Гойя изо всех сил старался сохранять невозмутимость на хмуром лице. Каэтана, делая вид, будто весь шум адресован не ей, а какой-то другой даме, приветливо и беззаботно болтала с ним.
Пьеса и в самом деле была глупой и весьма слабой пародией на одну из комедий Лопе де Веги. Хитрый и коварный младший сын настроил отца против своего добродетельного старшего брата, а потом еще и отбил у того девушку. Уже в первом акте состоялась дуэль; сцена происходила на кладбище, явились привидения, злой брат изгнал доброго в лес, запер отца в башне и обрек его на голодную смерть. Крестьяне возмутились бесчинствами нового господина, их горячо поддержала публика, и когда актер, изображавший альгвасила – полицейского начальника, поднялся на сцену из зрительного зала, чтобы встать на сторону злодея, зрители оплевали его и хотели отлупить; ему пришлось заверить их, что он – всего лишь актер Гарро.
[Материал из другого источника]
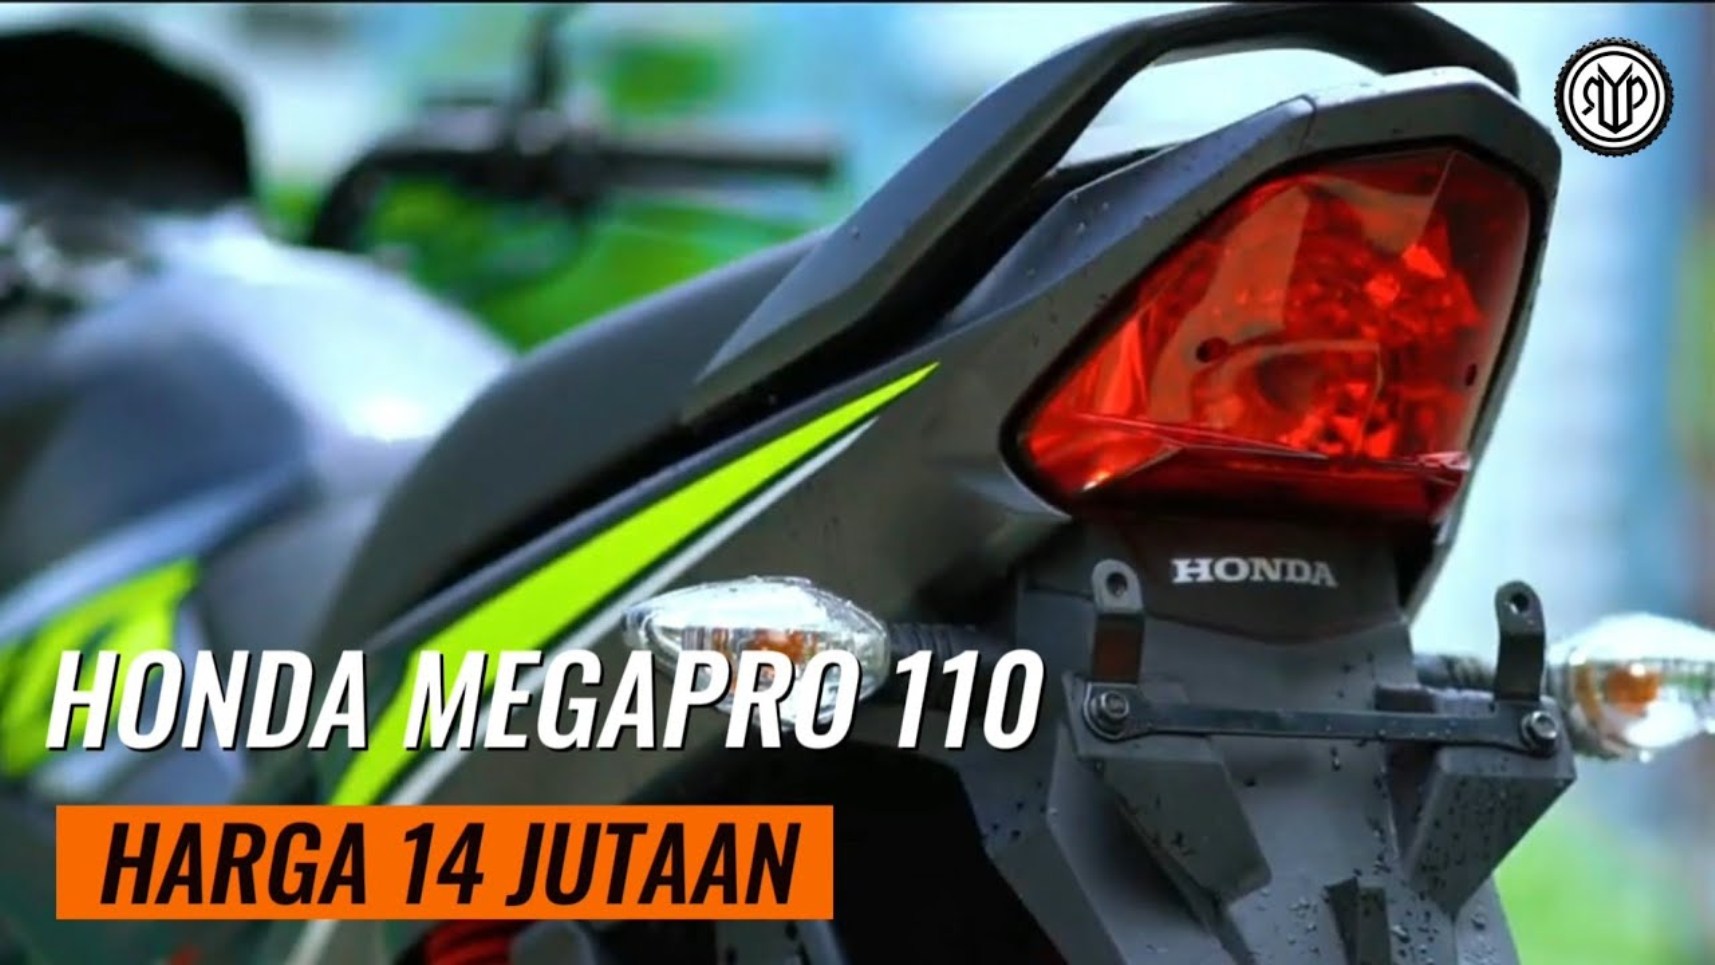 Honda Mega Pro 110, Harga 14 Jutaan Resmi Dirilis, Yuk Buruan Beli ke Dealer Honda!

– А вы, собственно, кто – чорисо или полако? – спросила Альба.
Мадридская публика, страстно приверженная своему театру, еще полвека назад разделилась на два враждебных лагеря: одни называли себя чорисо – «колбаски», по имени давно умершего комика, другие – полако, в честь аббата, опубликовавшего памфлет, направленный против соперников.
Гойя признался, что он – чорисо.
– Я так и думала! – сердито произнесла Альба. – Мы, весь род Альба, начиная с моего деда, – полако.
Веселая тонадилья, исполненная после первого акта, объединила оба враждебных лагеря в общем ликовании. Потом начался второй акт со звоном цепей и шуршанием соломы в тюремной башне. Ангел в образе мужчины в коротких штанах по моде того времени, но с крыльями за плечами утешал томившегося в заточении старца. Девушка, не поверившая клевете злого брата, встретилась с графом в темном лесу. Растроганная и заинтригованная публика притихла. Альба сказала, что теперь можно незаметно уйти.
Они с наслаждением вдыхали свежий вечерний воздух.
– А сейчас мы пойдем в какую-нибудь из ваших таверн, – решительно заявила Альба.
Гойя, сделав вид, что не понял ее, предложил дорогой ресторан.
– К Сеферино?
– В какую-нибудь из ваших таверн, – повторила Альба.
– Но мы же не можем отправиться в Манолерию в вечернем платье… – угрюмо возразил Гойя.
Манолерия было предместьем, где жили простолюдины.
– Это вы мне можете не объяснять, – ответила Альба своим резковатым, порывистым голоском. – Я прикажу отнести меня домой, переоденусь и буду ждать вас.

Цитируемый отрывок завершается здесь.